A microscope can be defined as an instrument used to see objects that are too small for the naked eye. The science of investigating small objects using such an instrument is called Microscopy. Microscopic means invisible to the eye unless aided by a microscope.
The ability to distinguish detail is called resolution or resolving power and depends on the wavelength of light used and on a value, called the numerical aperture (NA) a characteristic of microscopes that determines how much light enters the lens.
The limit of resolution of an objective (d) is the distance between any two closest points on the microscopic object, which can be resolved into two separate and distinct points on the enlarged image.

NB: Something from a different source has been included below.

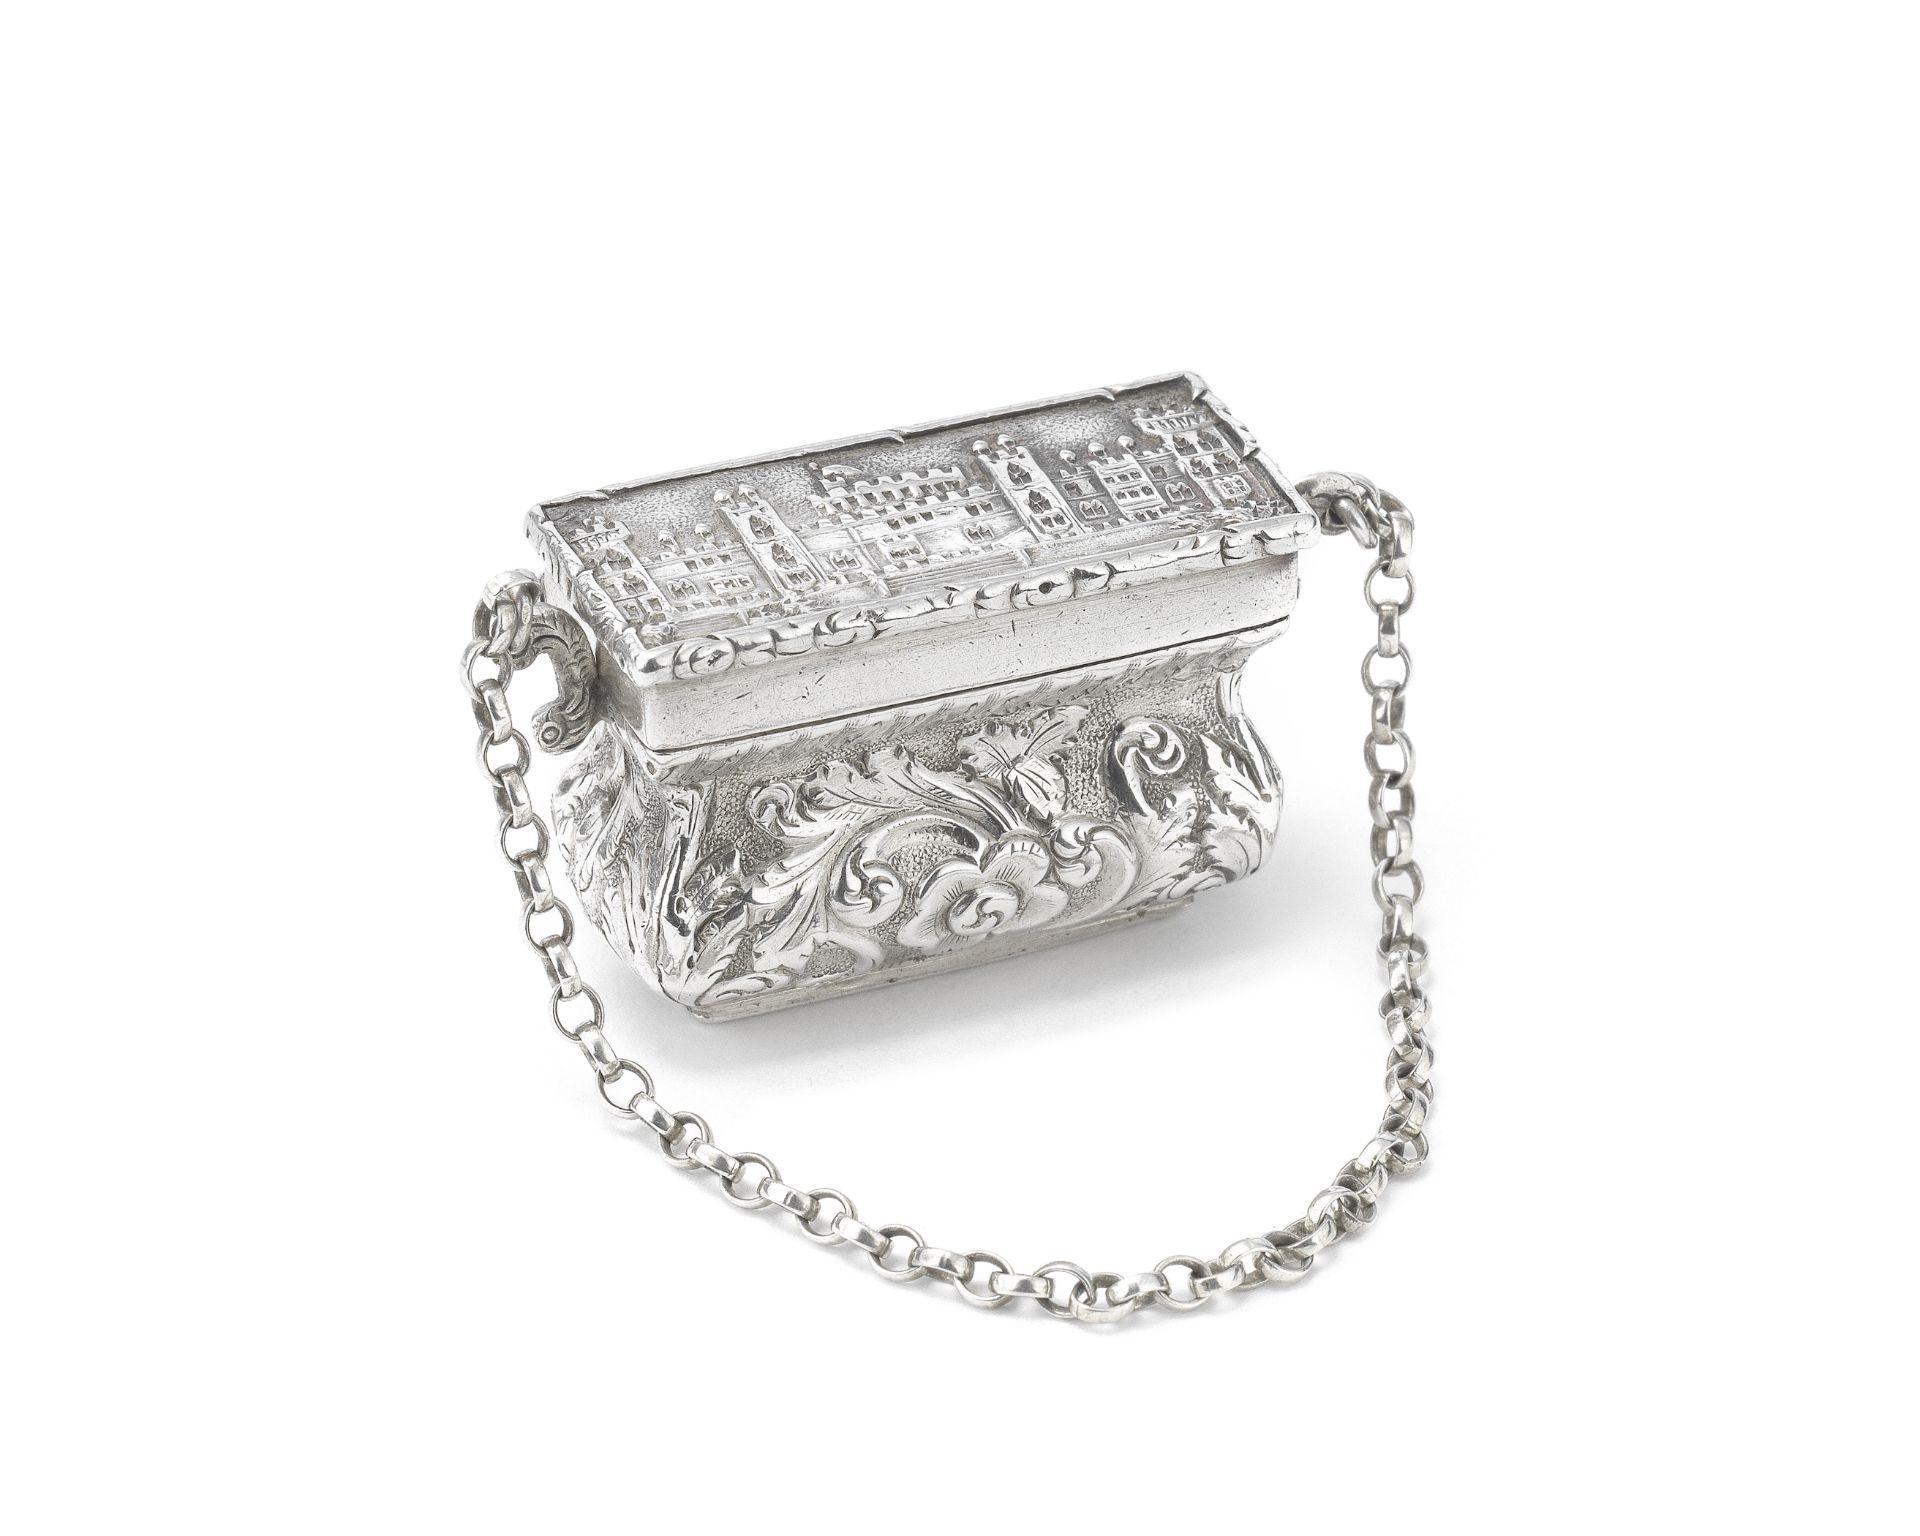 A Victorian 'castle-top' silver vinaigrette John Tongue, Birmingham 1845

Limit of resolution = d = λ/2 NA.
The magnification power measures how much larger an object appears after magnification. It is calculated by dividing the focal length of the scanning object (lens) by the focal length of the eyepiece.
A 1x magnification power is a 100% increase in the magnified object’s size, for example, a 1-inch object at ×1 would appear to be 2 inches. At ×2 power, the same object would appear to be 3 inches. Magnification power is reported on scientific reports as a means of standardization.
There are three well-known branches of microscopy [Table 1] and [Table 2]:
|Table 1: In addition to the above categories, optical microscopes can be classified as follows|
Click here to view
Scanning Probe Microscopy.
Optical microscopy is a technique employed to closely view a sample through the magnification of a lens with visible light. This is the traditional form of microscopy, which was first invented before the 18th century and is still in use today.
Binocular stereoscopic microscope
It uses a magnification in range of ×10–×100. It allows easy observation of 3D objects at low magnification.
Polarizing microscope/petrographic microscope
It has a magnification range of ×4–×100. It uses different light transmission characteristics of materials, such as crystalline structures, to produce an image. Materials that can be examined under a polarized microscope include minerals, ceramics, polymers, urea, and funguses. It is also used to study the property of collagen and amyloid.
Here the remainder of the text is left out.